而紧凑区的内存块是键值对的主要缓存区,每个内存块包含多个键值对,服务客户端的读请求;服务端每隔一定的时间,通过压缩机制将稀疏区多个已分配的内存块中的键值对压缩至一个或多个紧凑区的内存块中;当紧凑区的可用内存块的数量不足时,会将数据替换至数据存储区。其作用是提高缓存的效率。The memory block in the compact area is the main cache area for key-value pairs. Each memory block contains multiple key-value pairs to serve the client's read request; The key-value pairs in the memory block of the compact area are compressed into one or more memory blocks in the compact area; when the number of available memory blocks in the compact area is insufficient, the data will be replaced to the data storage area. Its role is to improve the efficiency of the cache.

本发明解决其技术问题所采用的技术方案是:The technical solution adopted by the present invention to solve its technical problems is:

一种基于RDMA的远程非易失内存访问与管理方法,包括:An RDMA-based remote non-volatile memory access and management method, comprising:

第一步, 服务端划分内存为三类:数据存储区,非易失内存缓存区和命令缓冲区;其中,数据存储区和非易失内存缓存区的内存是NVM,命令缓冲区的内存是DRAM;In the first step, the server divides memory into three categories: data storage area, non-volatile memory cache area, and command buffer; among them, the memory in the data storage area and the non-volatile memory cache area is NVM, and the memory in the command buffer area is DRAM;

第二步,服务端将非易失内存缓存区和命令缓冲区的内存注册到支持远程直接内存访问技术的网卡上, 而数据存储区则根据用户设定的参数选择性的注册,并将非易失内存缓存区划分为紧凑区和稀疏区,稀疏区的内存块的大小统一设定为页字节的倍数,该倍数为1-n倍,n为正整数;In the second step, the server registers the memory of the non-volatile memory buffer and command buffer to the network card that supports remote direct memory access technology, while the data storage area is selectively registered according to the parameters set by the user, and the non-volatile memory The volatile memory cache area is divided into a compact area and a sparse area.
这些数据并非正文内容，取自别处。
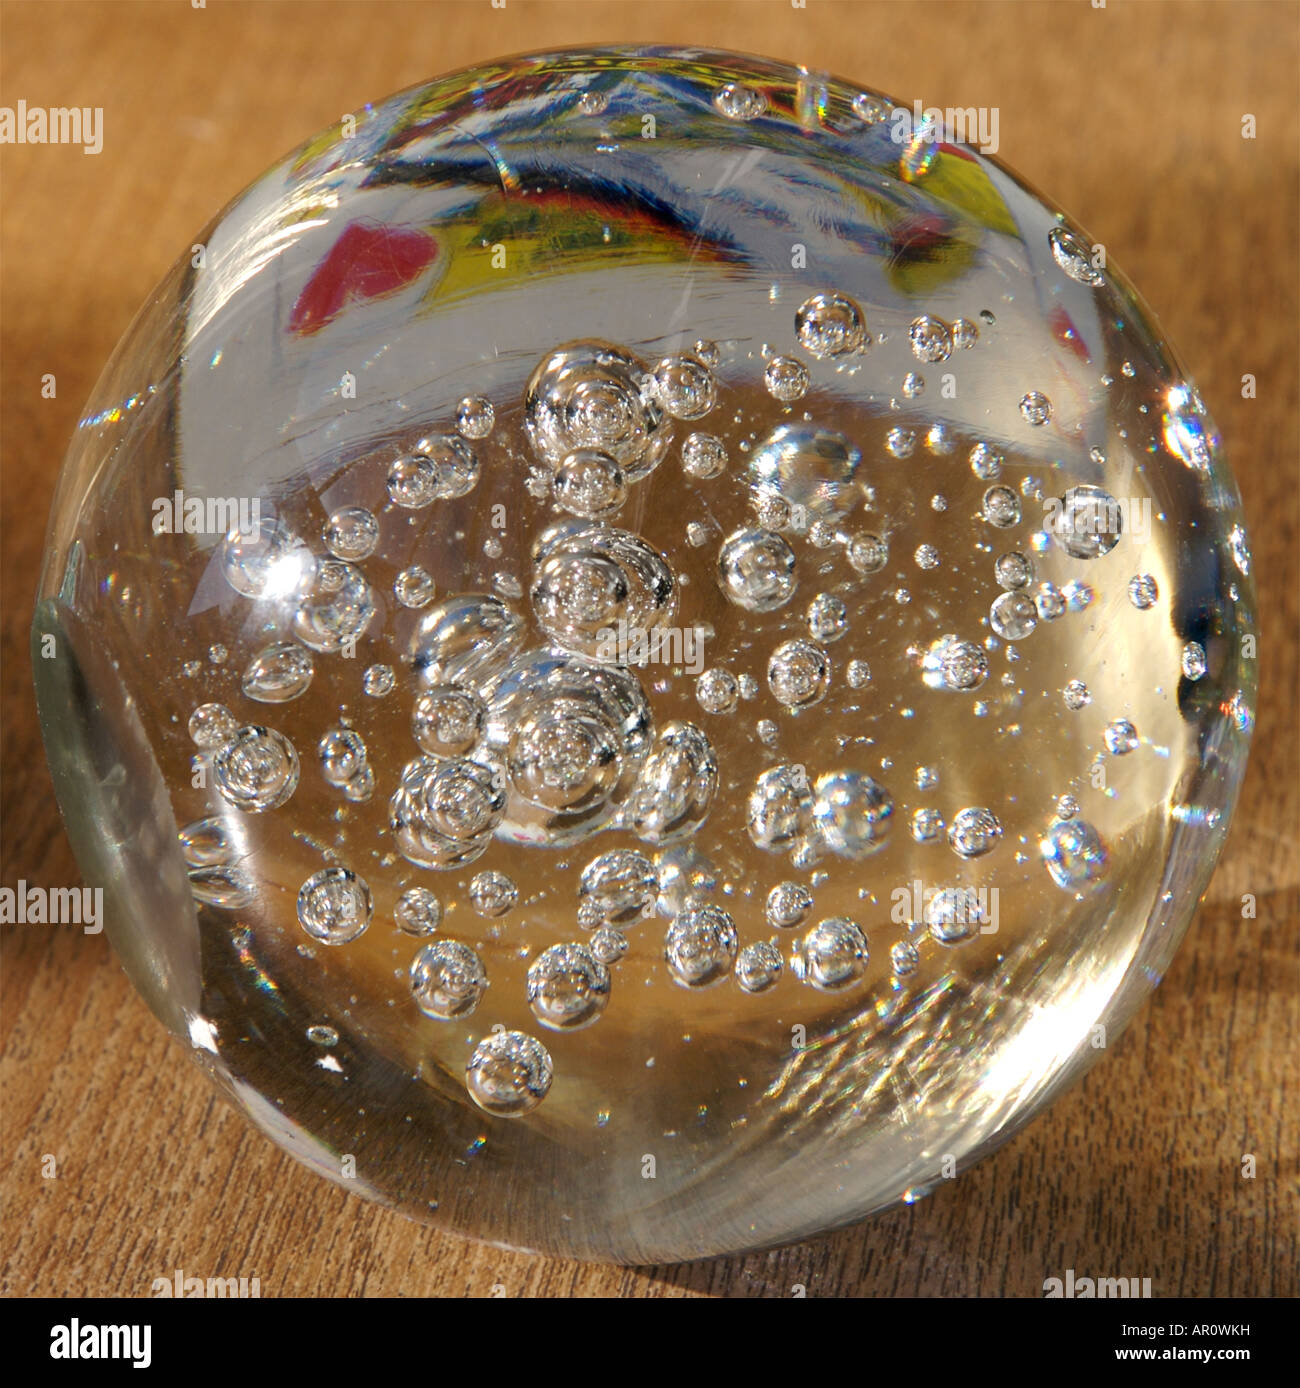 Königin der Herzen reflektiert in einer Glaskugel mit Luftblasen im  Sonnenlicht Stockfotografie - Alamy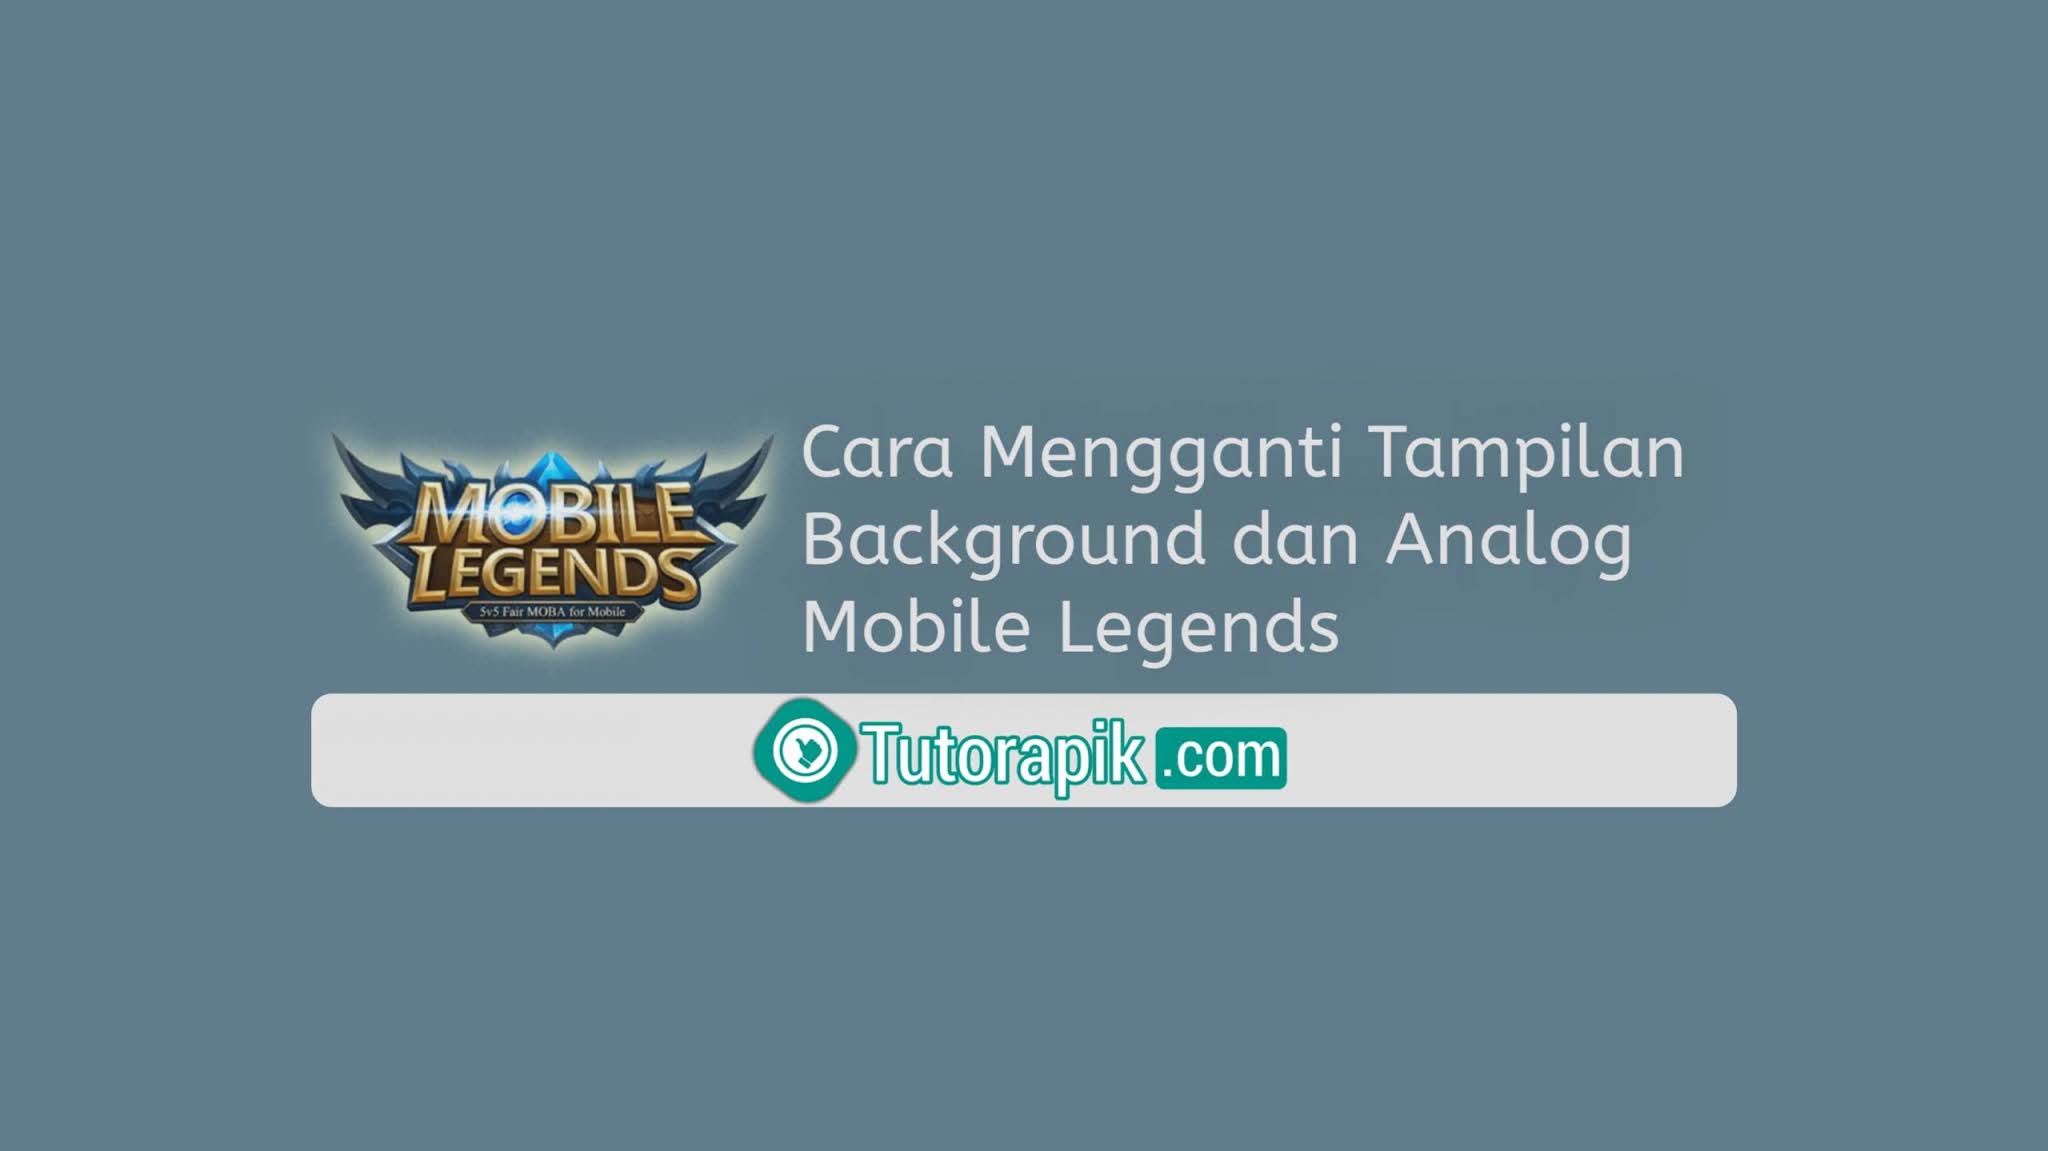 Cara Mengganti Tampilan Background Dan Analog Mobile Legends 2021 Terbaru Tutorapikcom

The size of the memory block in the sparse area is uniformly set as a multiple of page bytes, and the multiple is 1-n times, and n is a positive integer;

第三步,服务端接收客户端的连接请求,并为每个客户端分配一个稀疏区内存块和一个命令缓冲区的内存块;In the third step, the server receives the connection request from the client, and allocates a memory block in the sparse area and a memory block in the command buffer for each client;

第四步,客户端在传送数据时,通过RDMA(Remote Direct Memory Access,远程直接访问内存技术)写入稀疏内存块,同时将控制信息发送到命令缓冲内存块中,服务端返回下次写的稀疏内存块地址作为写确认(ACK)消息;如果一次数据传输需要多个稀疏内存块,则根据控制信息,将多个稀疏内存块串联在一起保证数据的完整性;In the fourth step, when the client transmits data, it writes the sparse memory block through RDMA (Remote Direct Memory Access, remote direct memory access technology), and at the same time sends the control information to the command buffer memory block, and the server returns the next write The sparse memory block address is used as a write confirmation (ACK) message; if a data transmission requires multiple sparse memory blocks, multiple sparse memory blocks are connected in series according to the control information to ensure data integrity;

第五步,当稀疏区域的可用内存块的数量下降到一定的阀值时(该阈值是指:可用内存块的数量与总的内存块数量的比值,范围0.1~0.6),服务端将通过内存压缩机制,将选择多个稀疏内存块中的数据压缩至紧凑区的内存块中,并回收包含有垃圾数据的稀疏内存块;Step 5, when the number of available memory blocks in the sparse area drops to a certain threshold (the threshold refers to the ratio of the number of available memory blocks to the total number of memory blocks, ranging from 0.1 to 0.6), the server will pass The memory compression mechanism compresses the data in multiple selected sparse memory blocks to the memory blocks in the compact area, and reclaims the sparse memory blocks containing garbage data;

第六步,当紧凑区的可用内存块的数量下降到一定的阀值时(该阈值是指:可用内存块的数量与总的内存块数量的比值,范围0.1~0.6),服务端将通过数据迁移机制将选择多个紧凑区的内存块中的数据拷贝到数据存储区。Step 6, when the number of available memory blocks in the compact area drops to a certain threshold (the threshold refers to the ratio of the number of available memory blocks to the total number of memory blocks, ranging from 0.1 to 0.6), the server will pass The data migration mechanism copies the data in memory blocks in selected multiple compact areas to the data storage area.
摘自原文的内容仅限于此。